Re: [PATCH 7/8] udp: Decide whether to "splice" per datagram rather than per socket

15 Dec 2022

On Wed, Dec 14, 2022 at 11:35:54AM +0100, Stefano Brivio wrote:
...
On Wed, 14 Dec 2022 12:47:25 +1100
David Gibson  wrote:
...
On Tue, Dec 13, 2022 at 11:49:18PM +0100, Stefano Brivio wrote:
...
On Mon,  5 Dec 2022 19:14:24 +1100
David Gibson  wrote:
...
Currently we have special sockets for receiving datagrams from locahost
which can use the optimized "splice" path rather than going across the tap
interface.
We want to loosen this so that sockets can receive sockets that will be
forwarded by both the spliced and non-spliced paths.  To do this, we alter
the meaning of the @splice bit in the reference to mean that packets
receieved on this socket *can* be spliced, not that they *will* be spliced.
They'll only actually be spliced if they come from 127.0.0.1 or ::1.
We can't (for now) remove the splice bit entirely, unlike with TCP.  Our
gateway mapping means that if the ns initiates communication to the gw
address, we'll translate that to target 127.0.0.1 on the host side.  Reply
packets will therefore have source address 127.0.0.1 when received on the
host, but these need to go via the tap path where that will be translated
back to the gateway address.  We need the @splice bit to distinguish that
case from packets going from localhost to a port mapped explicitly with
-u which should be spliced.
Signed-off-by: David Gibson 
---
 udp.c | 54 +++++++++++++++++++++++++++++++++++-------------------
 udp.h |  2 +-
 2 files changed, 36 insertions(+), 20 deletions(-)

diff --git a/udp.c b/udp.c
index 6ccfe8c..011a157 100644
--- a/udp.c
+++ b/udp.c
@@ -513,16 +513,27 @@ static int udp_splice_new_ns(void *arg)
 }
/**
- * sa_port() - Determine port from a sockaddr_in or sockaddr_in6
+ * udp_mmh_splice_port() - Is source address of message suitable for splicing?
  * @v6:		Is @sa a sockaddr_in6 (otherwise sockaddr_in)?
- * @sa:		Pointer to either sockaddr_in or sockaddr_in6
+ * @mmh:	mmsghdr of incoming message
+ *
+ * Return: if @sa refers to localhost (127.0.0.1 or ::1) the port from
+ *         @sa, otherwise 0.
+ *
+ * NOTE: this relies on the fact that it's not valid to use UDP port 0
The port is reserved by IANA indeed, but... it can actually be used.
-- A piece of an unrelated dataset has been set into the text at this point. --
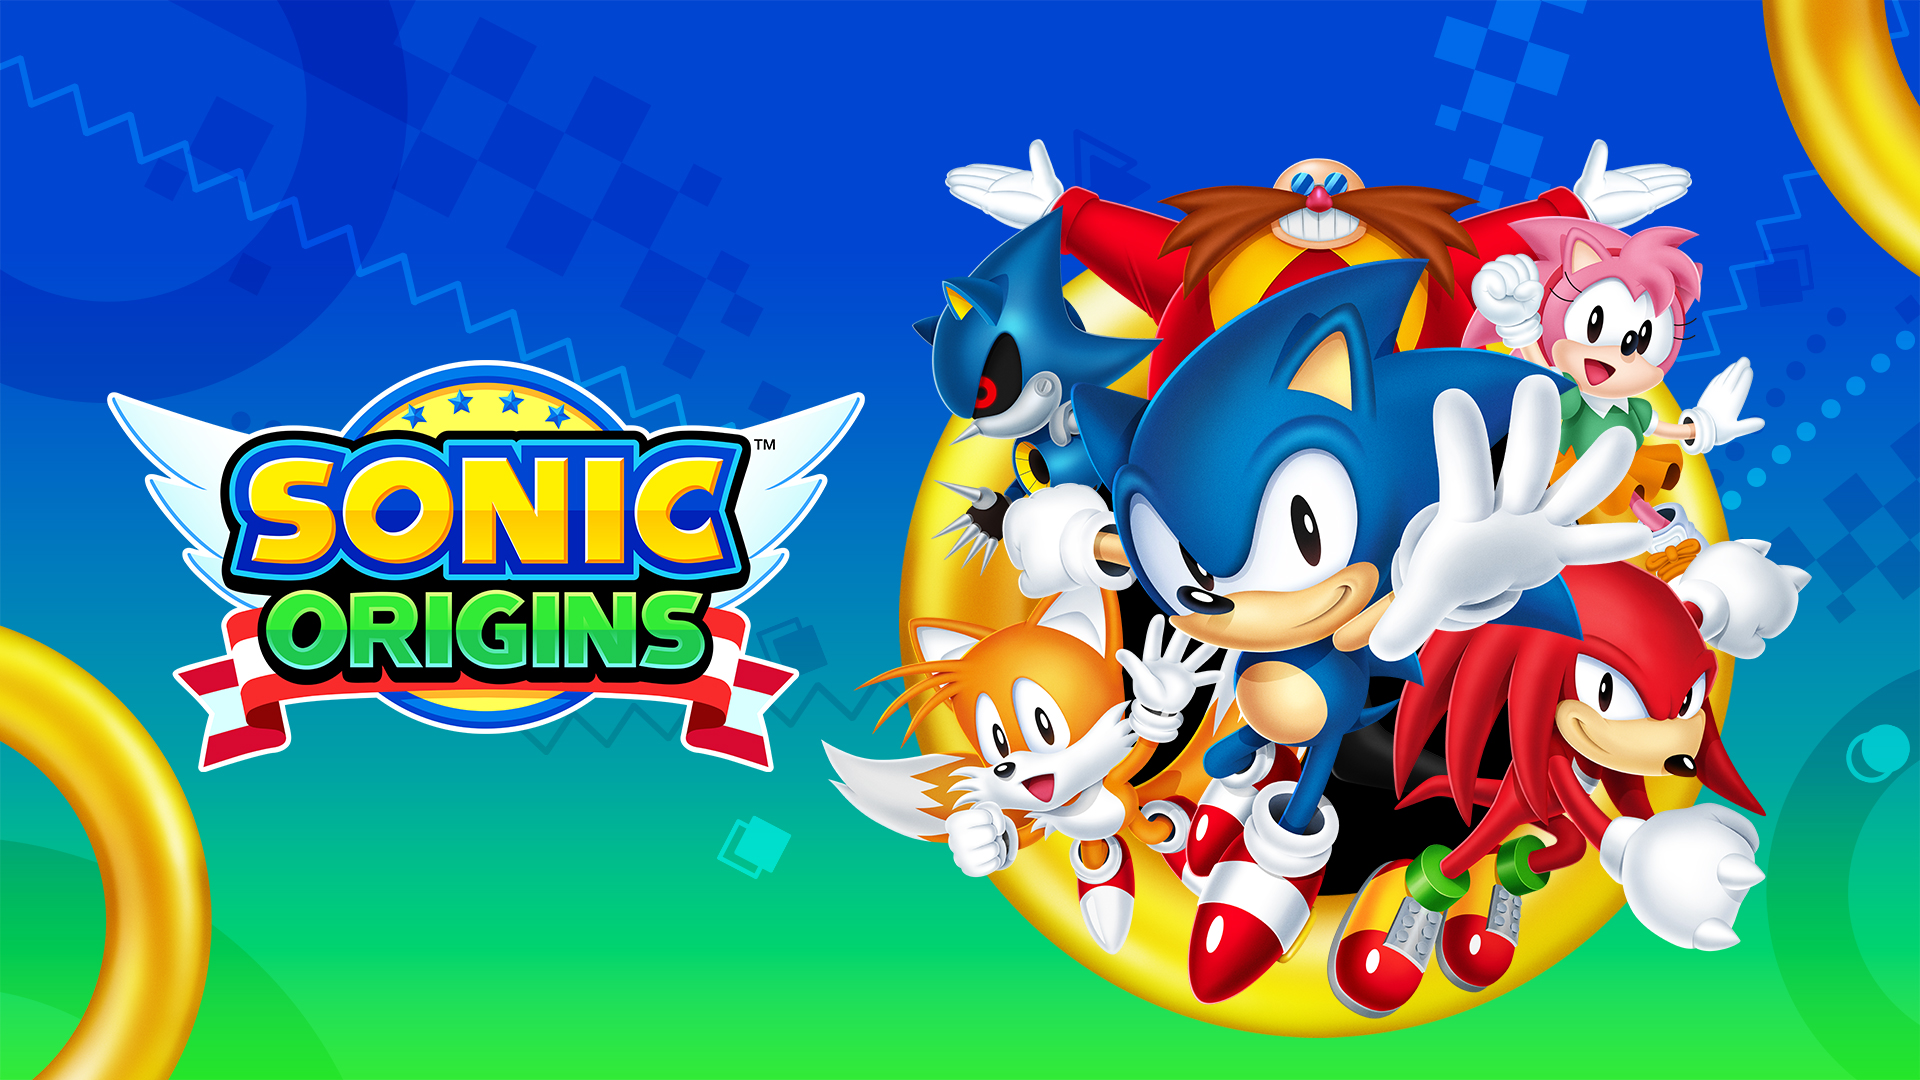 Sonic Origins bringt im Juni 4 Sonic the Hedgehog-Spiele auf Konsole und PC

On
Linux, you can bind() it and you can connect() to it. As far as I can
tell from the new version of udp_sock_handler() we would actually
misdirect packets in that case.
Hm, ok.  Given the IANA reservation, I think it would be acceptable to
simply drop such packets - but if we were to make that choice we
should do so explicitly, rather than misdirecting them.
Acceptable, sure, but... I don't know, it somehow doesn't look
desirable to me. The kernel doesn't enforce this, so I guess we
shouldn't either.
...
...
How bad would it be to use an int here?
Pretty straightforward.  Just means we have to use the somewhat
abtruse "if (port <= USHRT_MAX)" or "if (port >= 0)" or something
instead of just "if (port)".  Should I go ahead and make that change?
Eh, I don't like it either, but... I guess it's better than the
alternative, so yes, thanks. Or pass port as a pointer, set on return.
I'm fine with both.
I think the int is less ugly than the pointer.  Ok, I'll make that change.
...
...
...
By the way, I think the comment should also mention that the port is
returned in host order.
Ok, easily done.  Generally I try to keep the endianness associated
with the type, rather than attempting to document it for each variable
(or even worse, each point in time for each variable).
Yes, I see, and it's a more valid approach than mine, but still mine
comes almost for free.
Right.  Actually rereading the function in question, it specifically
says "port from @sa" and in the sockaddr, of course, it's network
endian, so it could particularly do with clarification in this case.
...
By the way, I got distracted by this and I forgot about two things:
...
+static in_port_t udp_mmh_splice_port(bool v6, const struct mmsghdr *mmh)
 {
-	const struct sockaddr_in6 *sa6 = sa;
-	const struct sockaddr_in *sa4 = sa;
+	const struct sockaddr_in6 *sa6 = mmh->msg_hdr.msg_name;
+	const struct sockaddr_in *sa4 = mmh->msg_hdr.msg_name;;
Stray semicolon here.
Fixed.
...
...
+
+	if (v6 && IN6_IS_ADDR_LOOPBACK(&sa6->sin6_addr))
+		return ntohs(sa6->sin6_port);
-	return v6 ? ntohs(sa6->sin6_port) : ntohs(sa4->sin_port);
+	if (ntohl(sa4->sin_addr.s_addr) == INADDR_LOOPBACK)
+		return ntohs(sa4->sin_port);
If it's IPv6, but not a loopback address, we'll check if
sa4->sin_addr.s_addr == INADDR_LOOPBACK -- which might actually be true for
an IPv6, non-loopback address.
Oops, yes, that's definitely wrong, and wrong enough to respin.
...
Also, I think we can happily "splice" for any loopback address, not
just 127.0.0.1. What about something like:
Well.. yes and no.  Yes, we can deliver packets in this way, but we'll
lost track of the original from address, so reply packets will be
misdirected.

Hrm.. ISTR you mentioned some cases that worked despite that, so I'll
make the change, and hope to fix it up better when I get to the NAT /
splice semantics rework.
...
if (v6 && IN6_IS_ADDR_LOOPBACK(&sa6->sin6_addr))
      return ntohs(sa6->sin6_port);
if (!v4 && IN4_IS_ADDR_LOOPBACK(&sa4->sin_addr))
      return ntohs(sa4->sin_port);
return -1;
?
-- 
David Gibson			| I'll have my music baroque, and my code
david AT gibson.dropbear.id.au	| minimalist, thank you.  NOT _the_ _other_
				| _way_ _around_!
http://www.ozlabs.org/~dgibson